PASPA’s proponents will argue that the federal government has the right to protect its citizens from vices and harmful activity. But when a federal ban is enacted without laying out a course of action with viable options for the states to choose from, it is a violation of the Constitution of the United States of America.
“The preemptive force of federal law does not authorize Congress to prohibit State action whenever and however it desires,” said West Virginia Solicitor General, Elbert Lin. “if Congress enacts a federal regime for which it takes clear responsibility, it may expressly preempt contrary State action to protect that regime. But if Congress simply prohibits State action in the absence of an existing federal scheme, it is unlawfully commandeering the states to enact federal policy.”
This federal ban not only keeps states from enacting the desires of its residents (commandeering their actions), it also violates the states’ sovereignty, as it prevents them from repealing their own laws as well. This takes away any choice that the state would have, making it a clear (in New Jersey’s opinion) violation of the Tenth Amendment.
The state will also argue that the federal government is showing preferential treatment to certain states over others.
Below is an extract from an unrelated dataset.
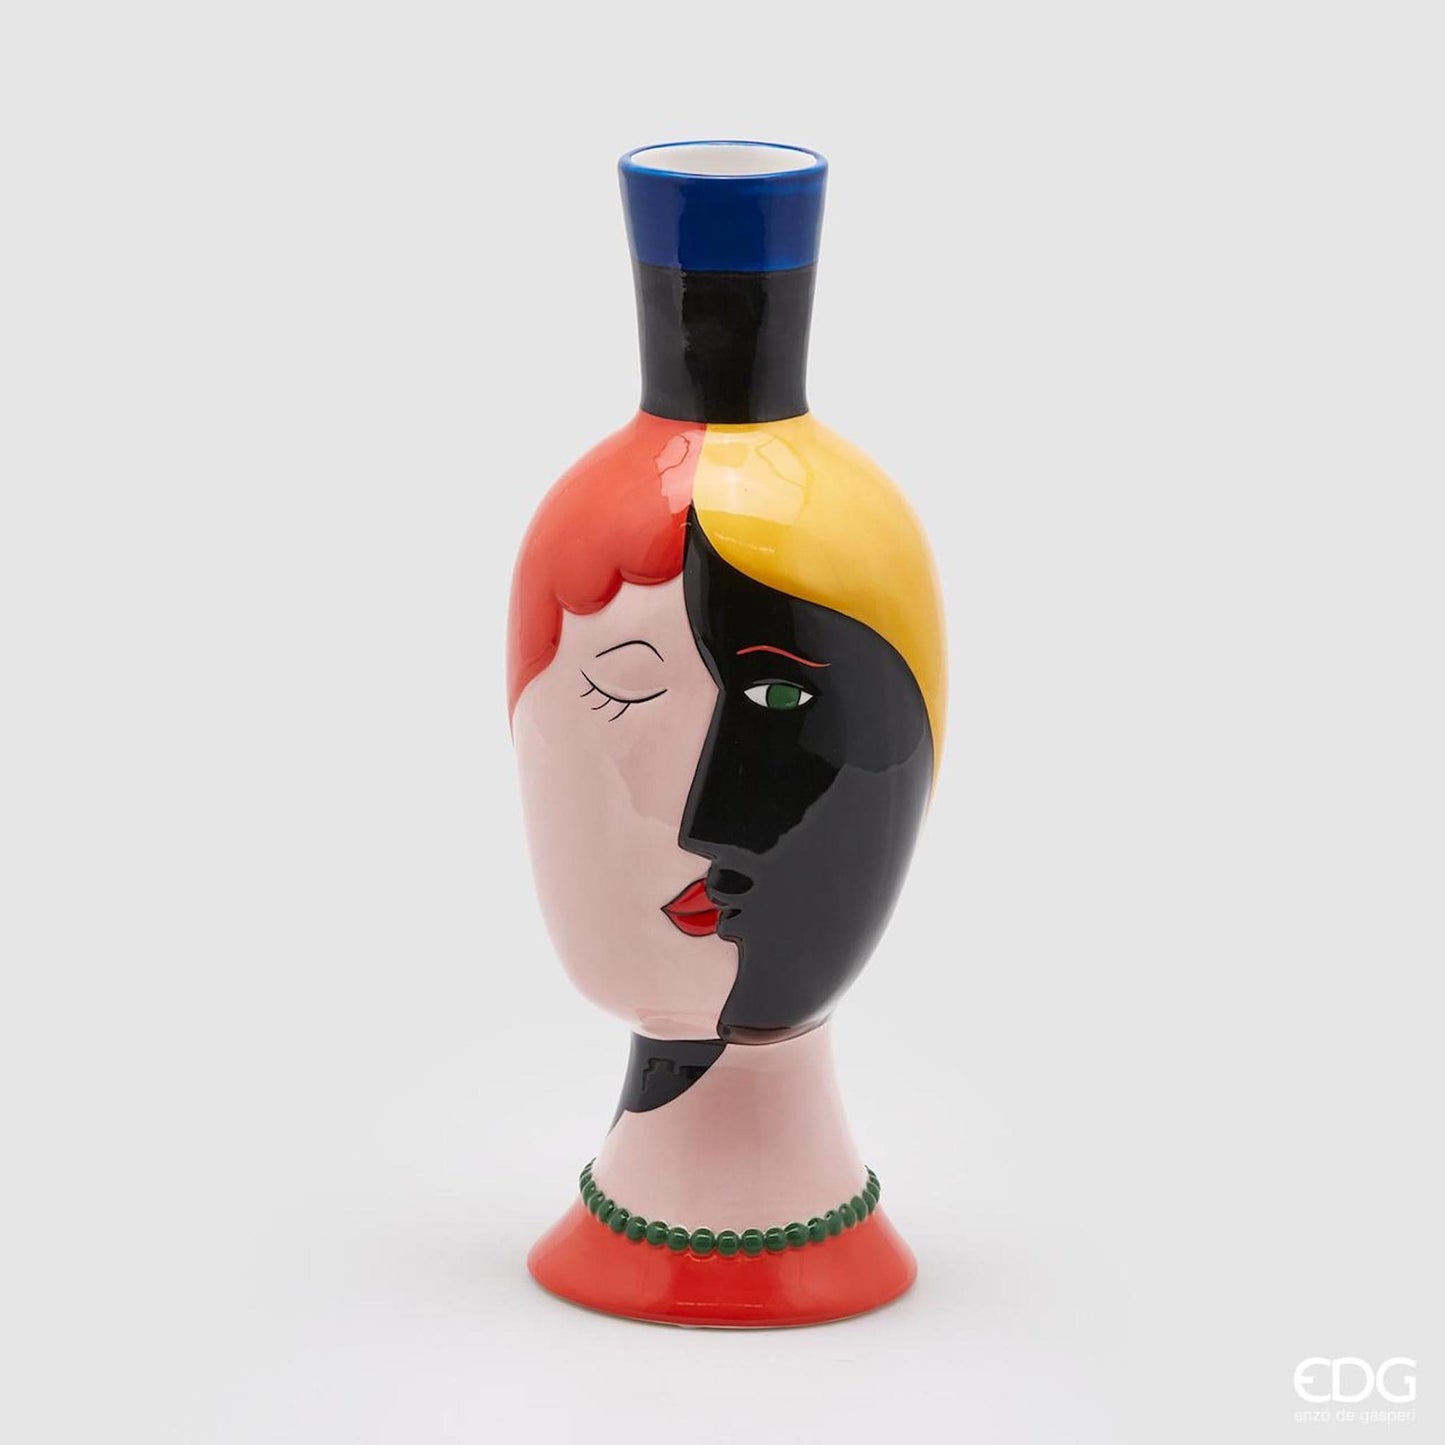 Italiving Keramikvase Dekovase Picasso III - Profile von 2 Frauen - Keramik H 35 cm Ø 13 cm

Their argument is that Nevada has a monopoly on gambling in the US, a multi-billion dollar industry. New Jersey will argue that the federal government showing preferential treatment to Nevada and other grandfathered states, violates Equal Protection, as it costs 46 states the ability to generate revenue in a similar manner.
The Plausibility Of An Outcome in New Jersey’s Favor
Even though the state has been turned down by every other court for sports betting in New Jersey, they actually have a pretty good shot at succeeding in the Supreme Court. Not only do they have a case that has piqued the interest of at least four justices (that is what is needed to have cert granted), it also has statistics on its side. In 2016, SCOTUS overturned 83% of lower court rulings. So really, New Jersey’ losing record is an advantage.
In addition to this, PASPA has been given the side eye by at least one sitting Justice (Ruth Bader Ginsburg), as well as by a former Justice (John Paul Stevens). PASPA’s selective enforcement in the US and the questionable viability of a federal gambling ban under the expanded reach of state sovereignty might not be able to stand up under actual arguments, rather than its wavering longevity under passing scrutiny.
Finally, SCOTUS has a slight conservative edge, with five of the nine justices affiliated with the Republican Party. This conservative ideology could be what New Jersey needs to strike down PASPA and restore states’ rights.
Working against them though is the fact that SCOTUS hasn’t overturned a federal ban under a Tenth Amendment violation since last century. In 55 years, there have only been two cases that have been successful on this front, in 1992 and in 1998.
That being said, the rulings in these two cases can work to New Jersey’s benefit. In 1992, Sandra Day O’Connor wrote for the majority and stated that “Congress cannot directly compel states to enforce federal regulations.” In 1998, it was Antonin Scalia who wrote the decision. “Forced participation of the state’s executive [powers] in the actual administration of a federal program…is unconstitutional.” PASPA does both.
In all, New Jersey does have a viable chance to win their case. It just needs to be argued expertly.